Algorithm Overview

The change detection process follows a three-phase matching algorithm:

  1. Exact Matches: Find objects that are completely identical (with whitespace normalization)
  2. Partial Matches: Find objects that are similar enough to be considered the same but with changes
  3. Leftovers: Classify remaining objects as either new or removed

Whitespace Normalization

All string comparisons use whitespace normalization to avoid false positives:

  • Leading and trailing whitespace is trimmed
  • Multiple consecutive whitespace characters are replaced with single spaces
  • Different types of whitespace (tabs, newlines) are converted to standard spaces
// These are considered identical:
"Product  Name\t\n" === "Product Name"
"  Hello    World  " === "Hello World"

Phase 1: Exact Matches

Objects are considered unchanged if they match exactly across all fields after whitespace normalization:

// Previous run
{
  "title": "MacBook Pro  ",
  "price": "$1999",
  "availability": "In Stock"
}

// Current run  
{
  "title": "MacBook Pro",
  "price": "$1999", 
  "availability": "In Stock"
}

Result: unchanged - No notification sent (whitespace differences ignored)
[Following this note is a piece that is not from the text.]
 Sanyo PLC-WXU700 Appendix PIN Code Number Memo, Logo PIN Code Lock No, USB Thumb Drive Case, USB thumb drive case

Phase 2: Partial Matches (Changed Objects)

Objects are considered changed if they meet either of these criteria:

Key Field Matching (When Configured)

When key fields are configured in your monitoring setup, objects are matched based on these fields. ALL key fields must match for objects to be considered the same:

// Previous run
{
  "id": "12345",
  "title": "Product A",
  "price": "$100",
  "category": "Electronics"
}

// Current run
{
  "id": "12345",           // Key field matches
  "title": "Product A Pro", // Changed
  "price": "$150",         // Changed
  "category": "Tech"       // Changed
}

Result: changed - ID key field matches, so it’s the same object with updates

Key Field Behavior:

  • Key fields are defined in your monitoring configuration with isKeyField: true
  • Common key fields include: id, url, link, title
  • If ANY key field changes, objects are treated as removed + added (not changed)
  • Key field matching ignores whitespace differences

Traditional Field Match Ratio (Default Method)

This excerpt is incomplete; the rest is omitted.